• **Work order**: Type the data below again exactly. Omit all pictures.

• **Data section**:
- - - -

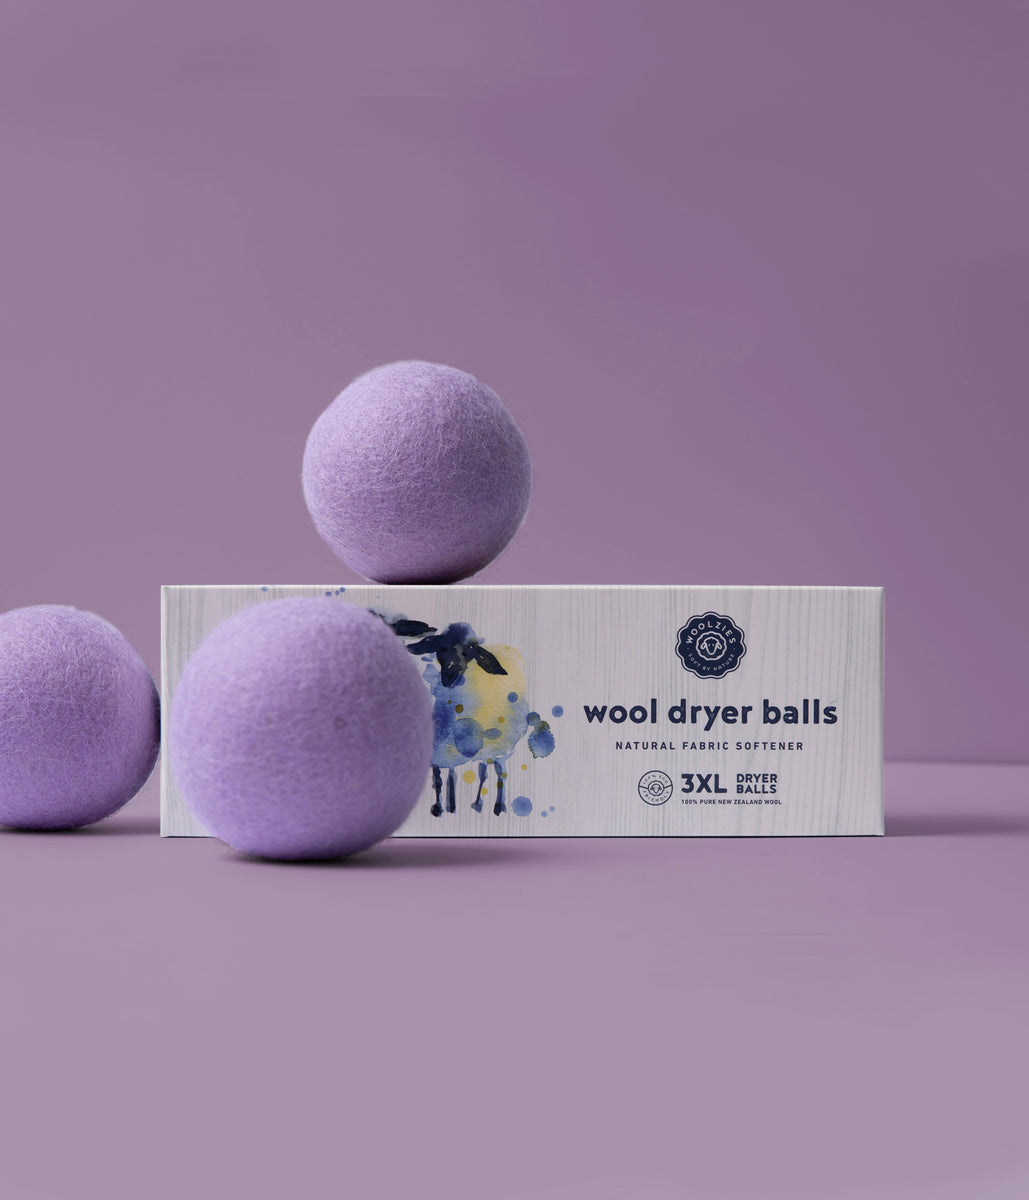 DIY Laundry Wool Dryer Balls with Lemon and dōTERRA Lavender
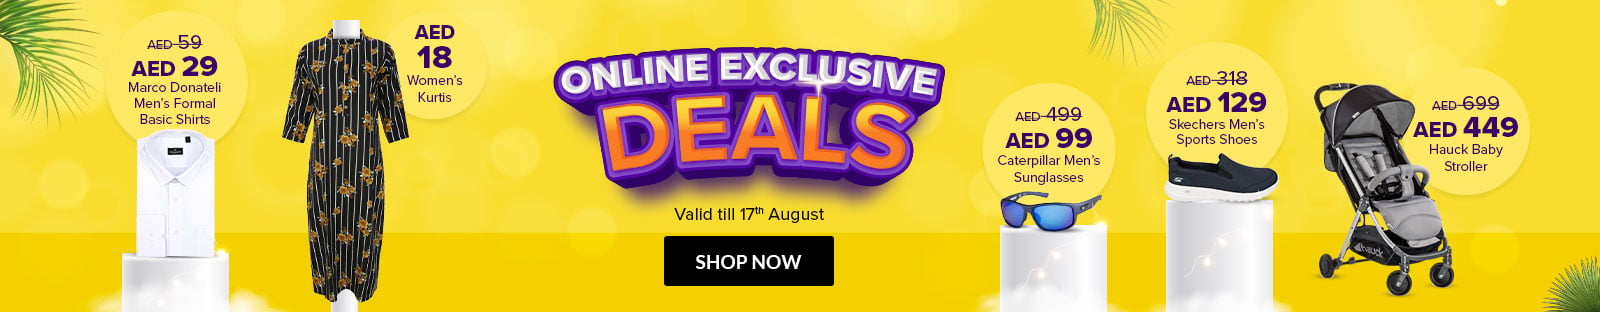 Online Exclusive Deals -FASHION
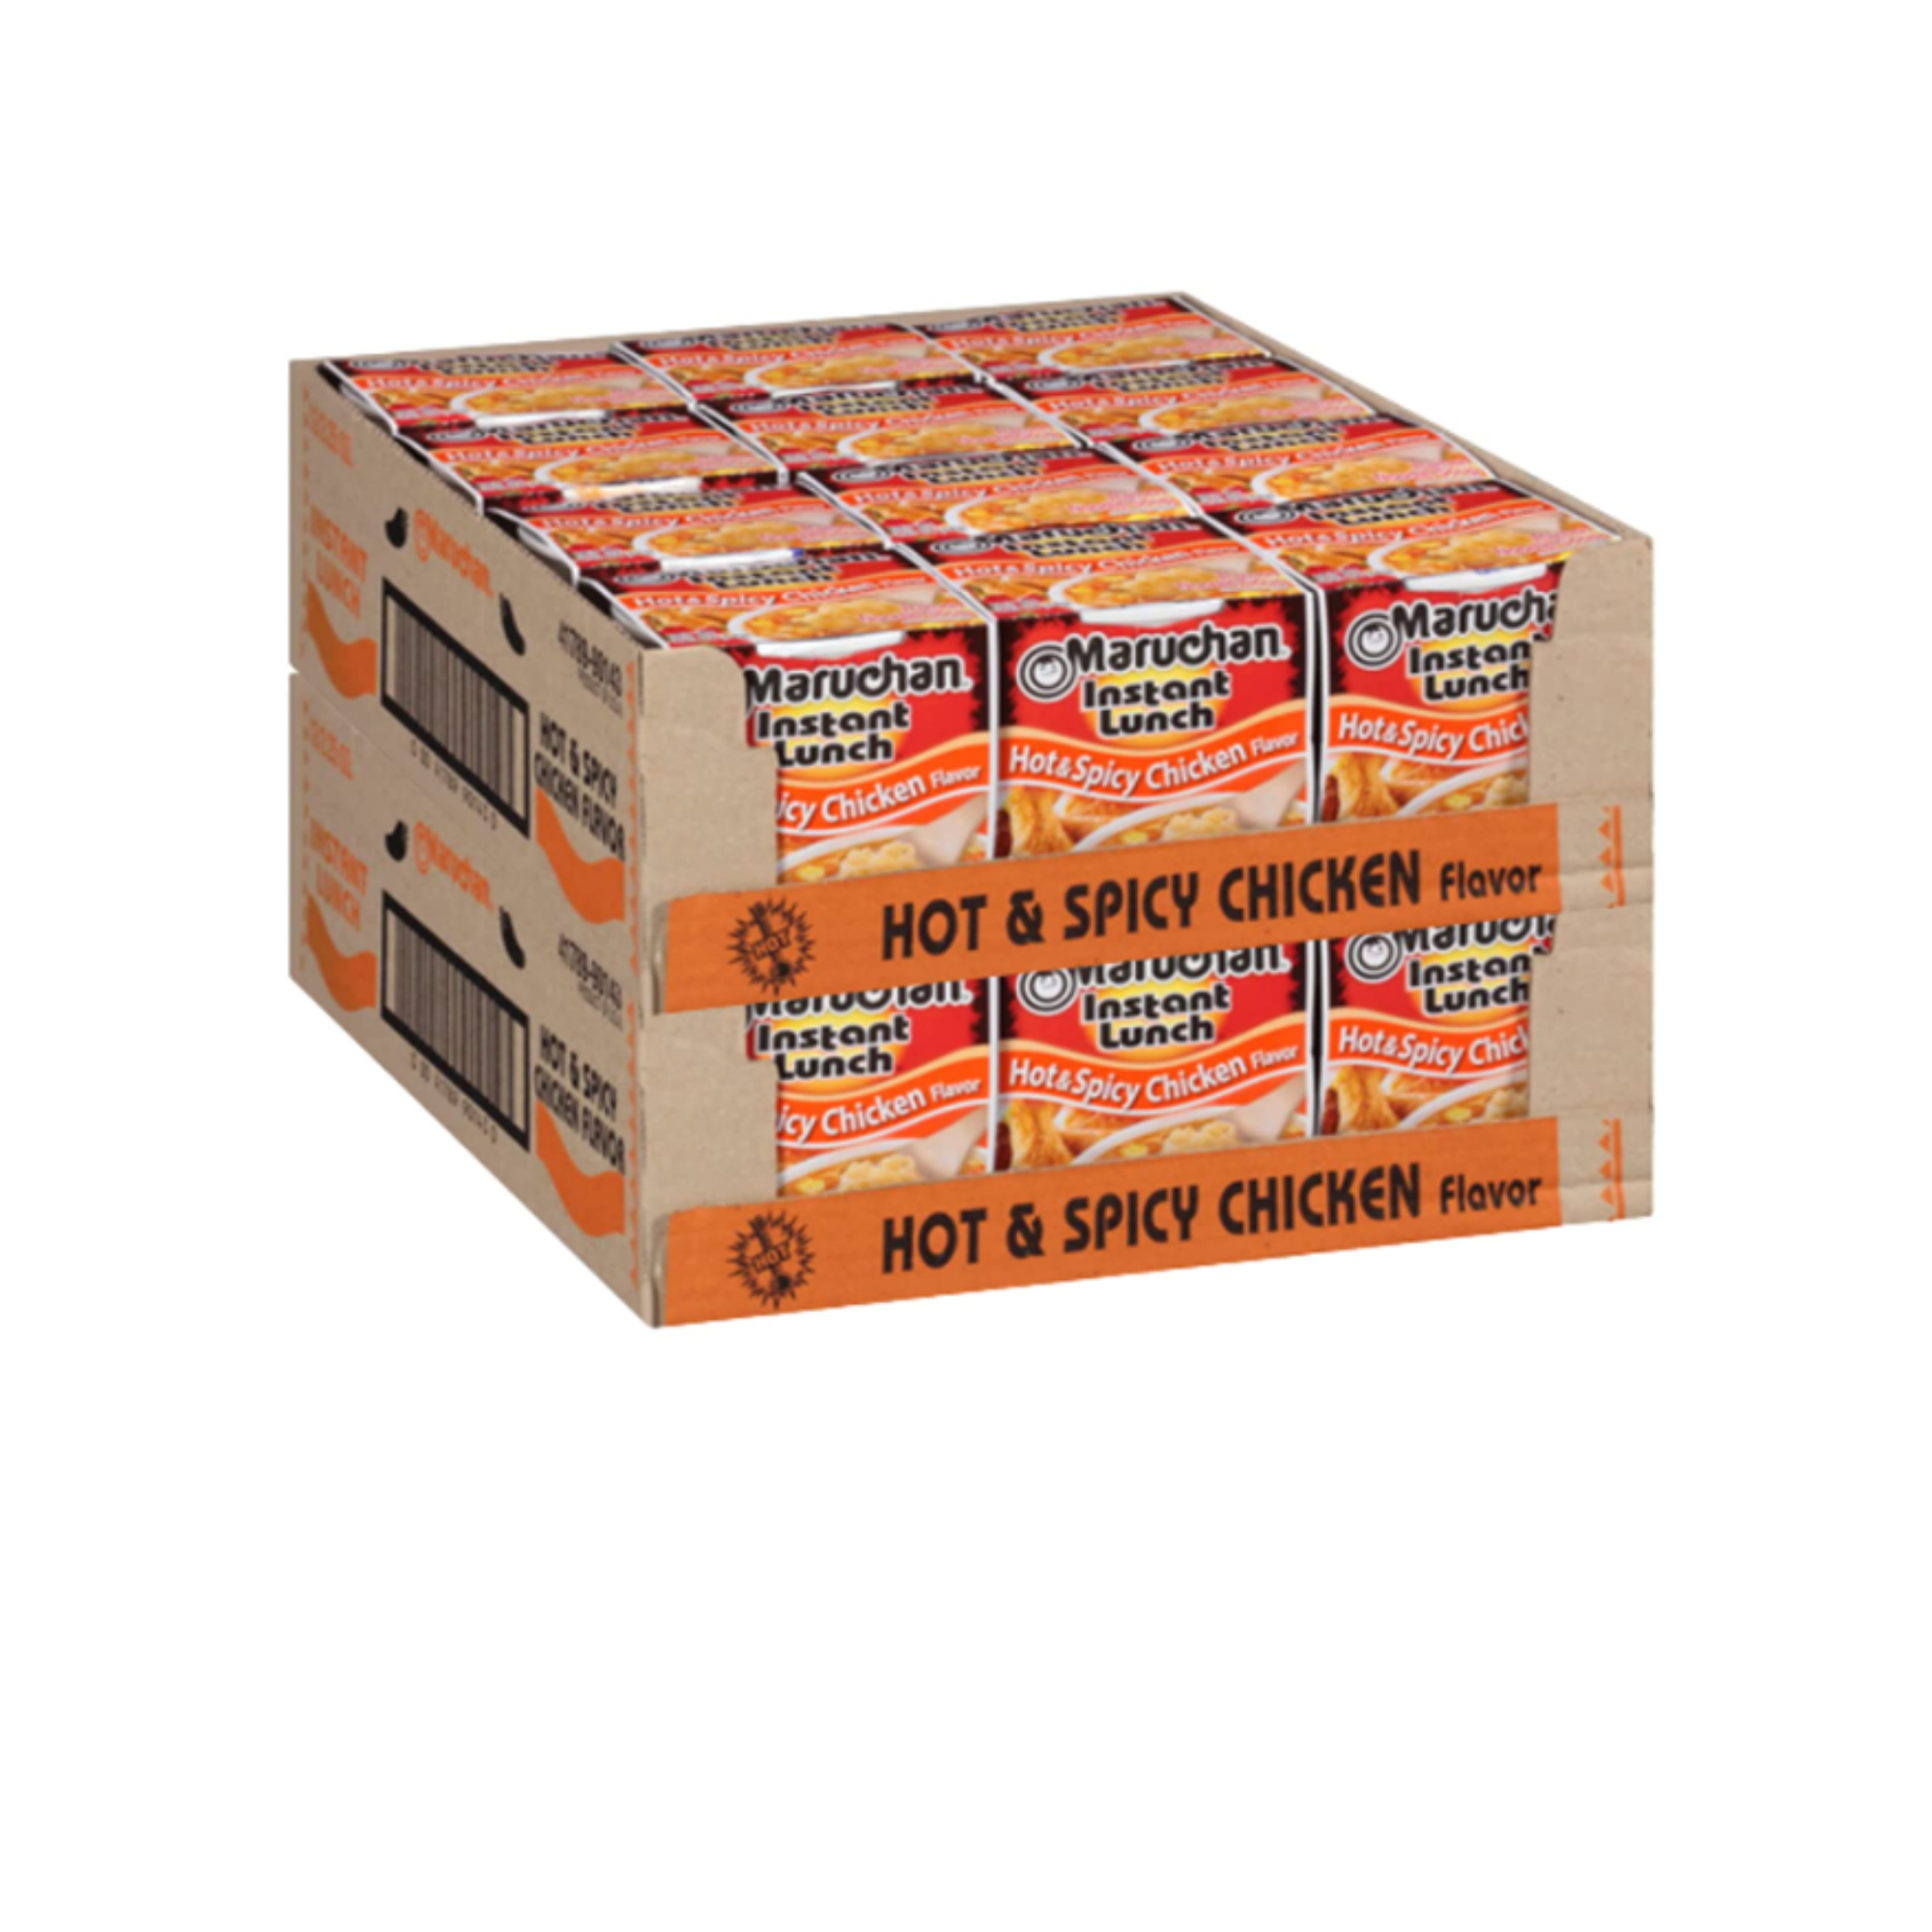 Instant Ramen Noodle Soup– Pork Flavor Noodles Pack, Bulk 3 oz Package –  with 1-Set of Reusable Stainless Steel Chopsticks(24 Individual Packs)

- - - -

• **Solution to this problem**:
 DIY Laundry Wool Dryer Balls with Lemon and dōTERRA Lavender
 Online Exclusive Deals -FASHION
 Instant Ramen Noodle Soup– Pork Flavor Noodles Pack, Bulk 3 oz Package –  with 1-Set of Reusable Stainless Steel Chopsticks(24 Individual Packs)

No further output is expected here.